### [Activity]
Give the listing again exactly, skipping any pictures it holds.

### [Available data]
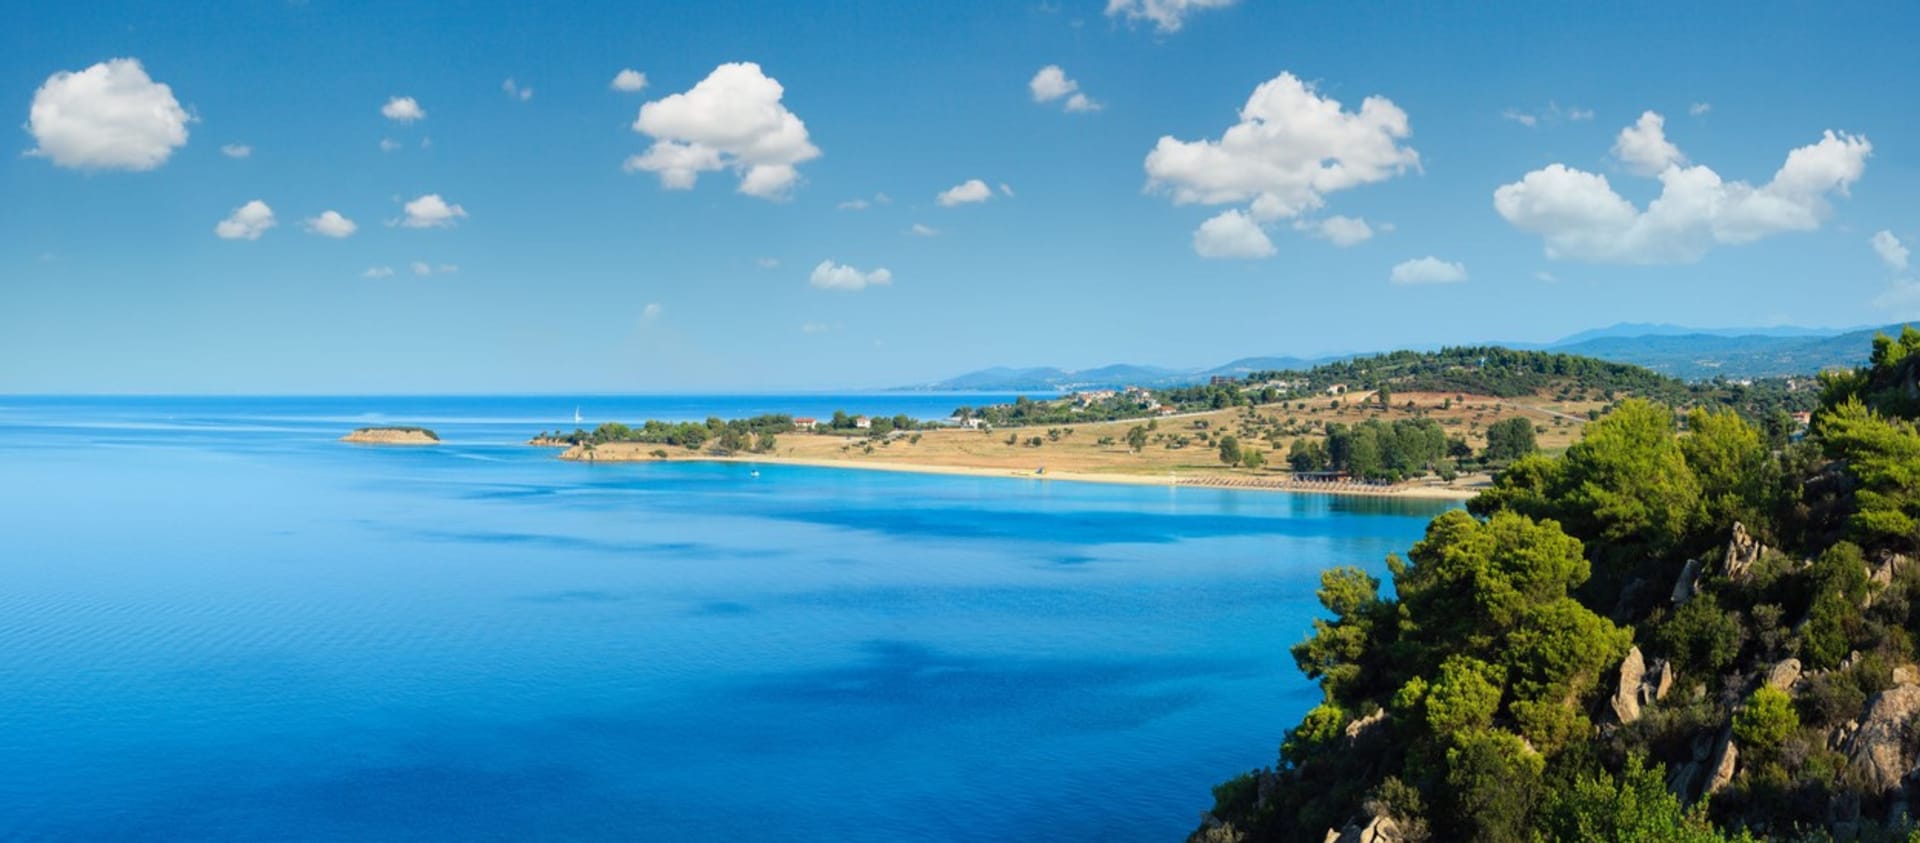 Řecko dlouhodobě patří mezi jednu z nejoblíbenějších destinací pro letní dovolenou. Za zájmem stojí zejména vyhlášené ostrovy, krásné moře i příjemné teploty.
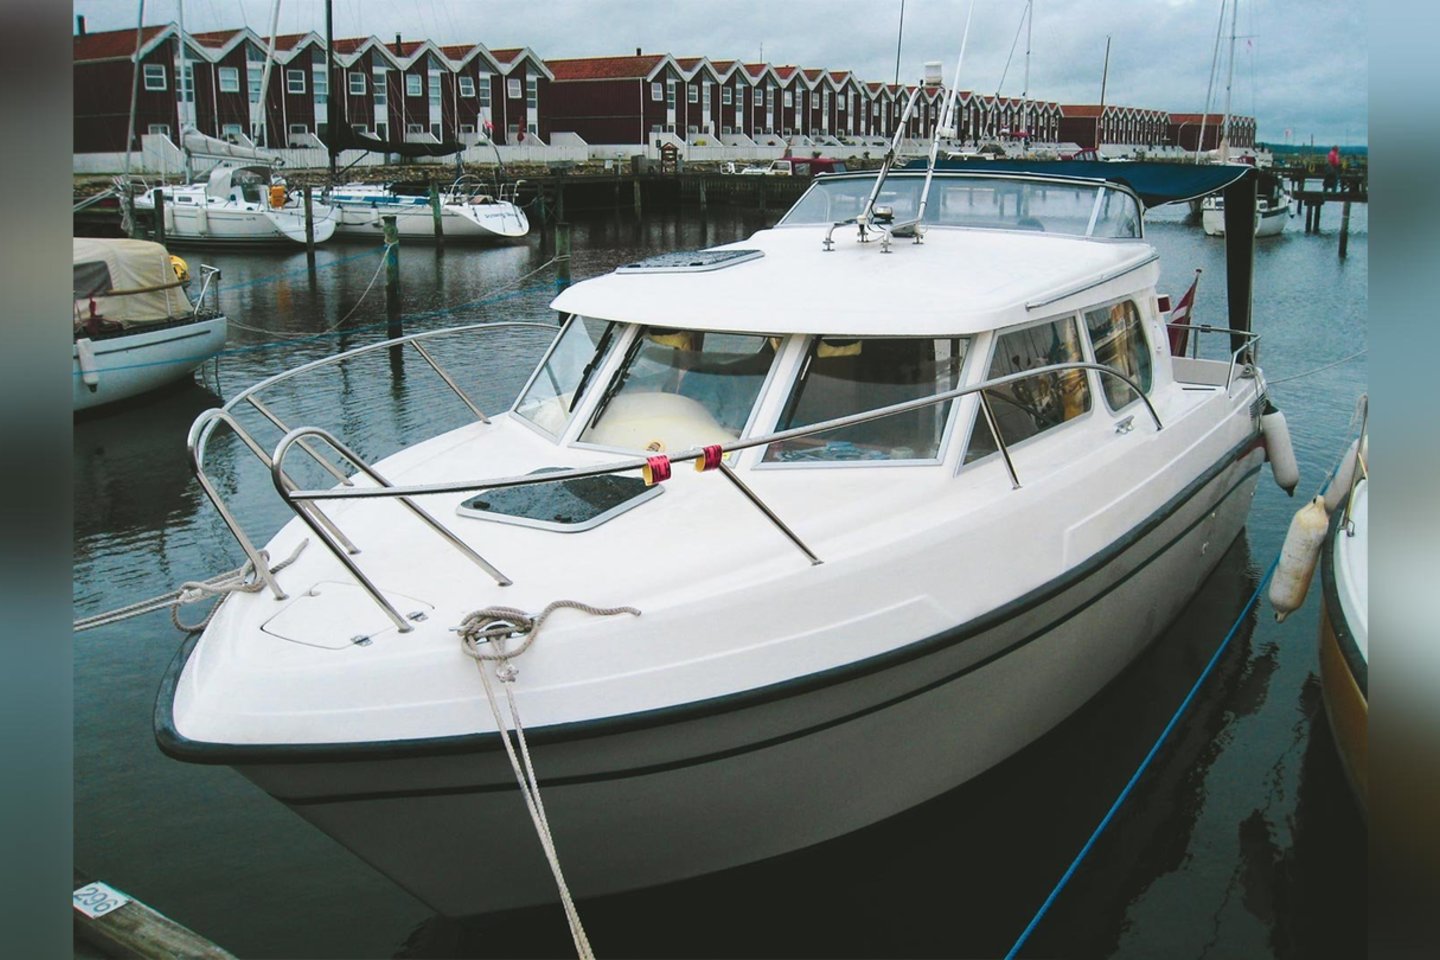 Lietuvos įmonės „Navis Pro“ pirmas pagamintas profesionalios žvejybos laivas „800 Fisher“ jau išvežtas į Norvegiją.
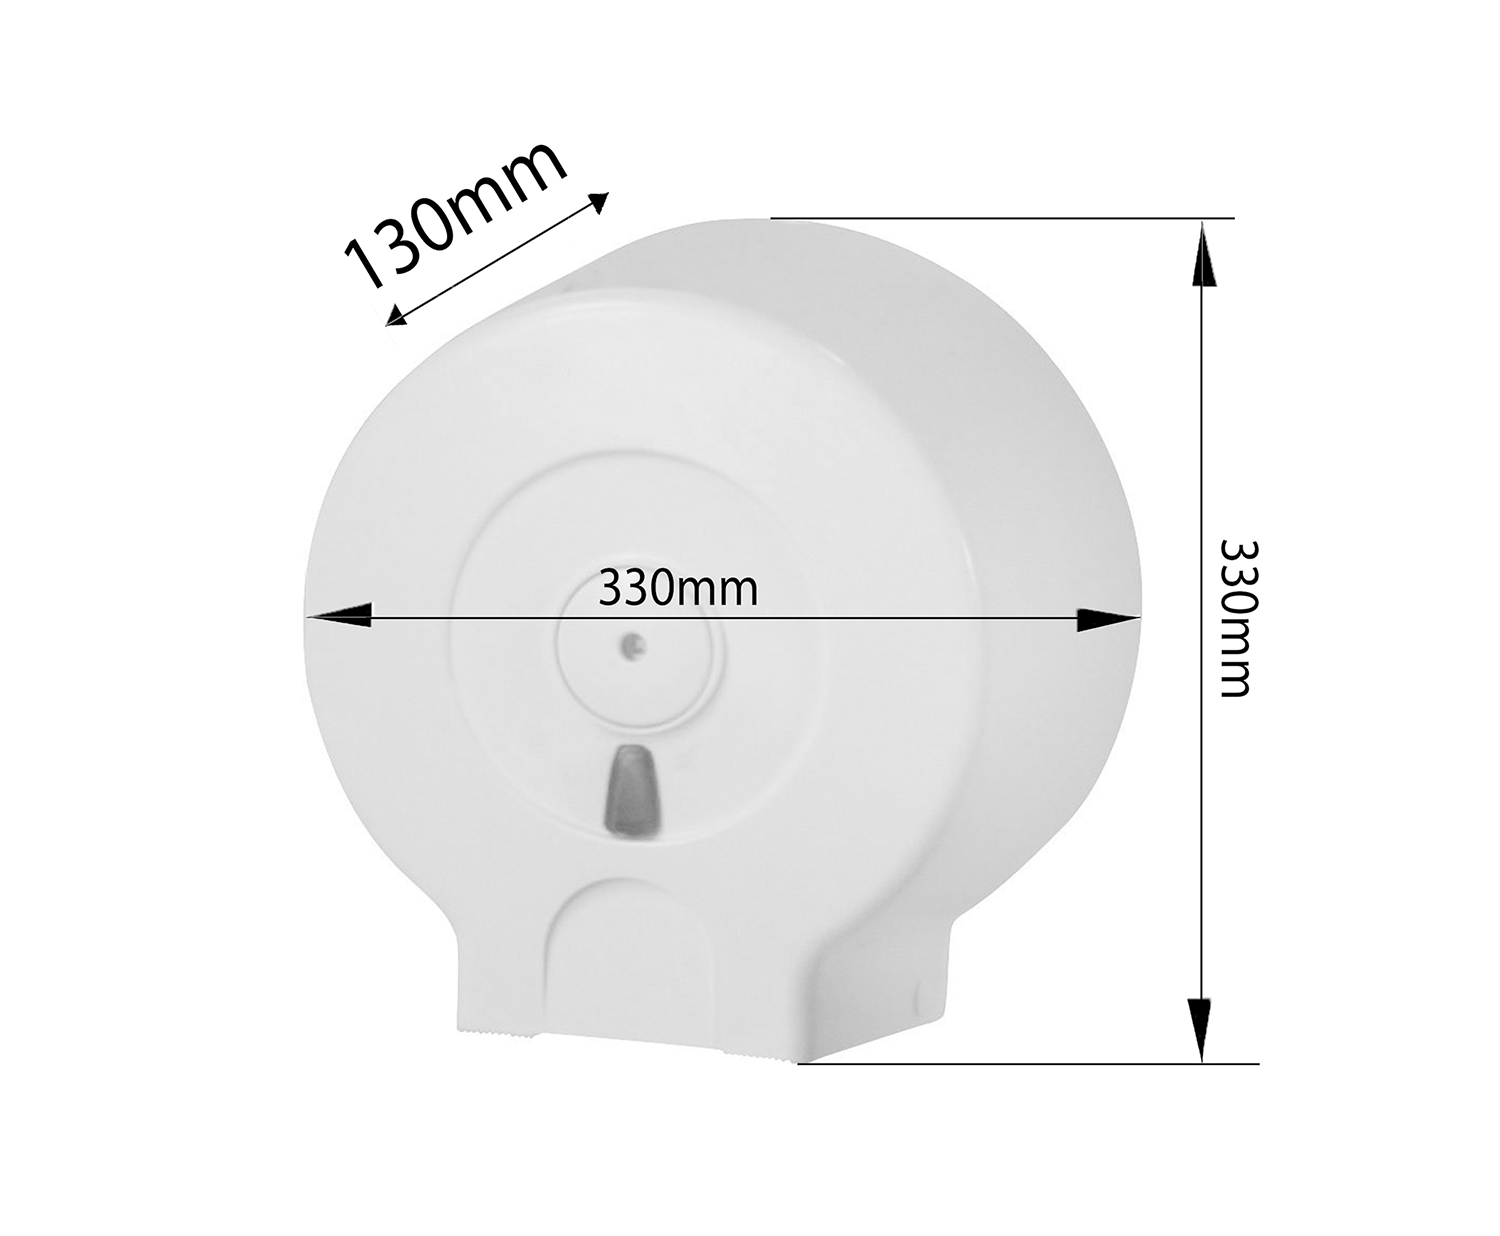 Toilettenpapierspender bis 29 cm Durchmesser, ABS, weiß
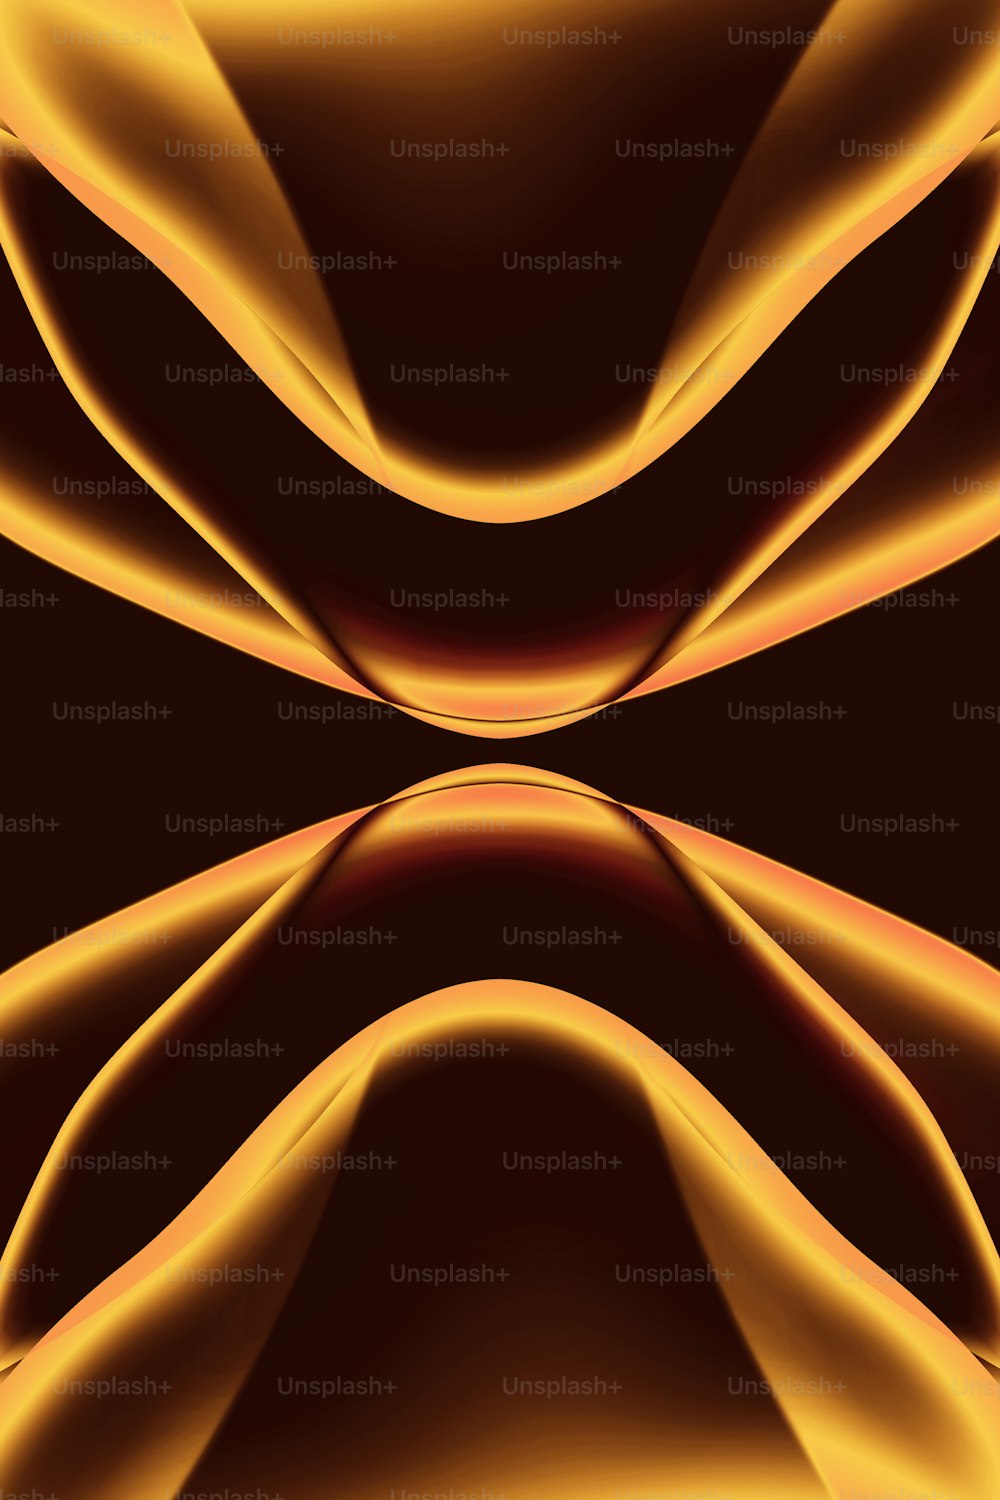 Una imagen generada por computadora de un fondo marrón y amarillo

### [Completed exercise]
 Řecko dlouhodobě patří mezi jednu z nejoblíbenějších destinací pro letní dovolenou. Za zájmem stojí zejména vyhlášené ostrovy, krásné moře i příjemné teploty.
 Lietuvos įmonės „Navis Pro“ pirmas pagamintas profesionalios žvejybos laivas „800 Fisher“ jau išvežtas į Norvegiją.
 Toilettenpapierspender bis 29 cm Durchmesser, ABS, weiß
 Una imagen generada por computadora de un fondo marrón y amarillo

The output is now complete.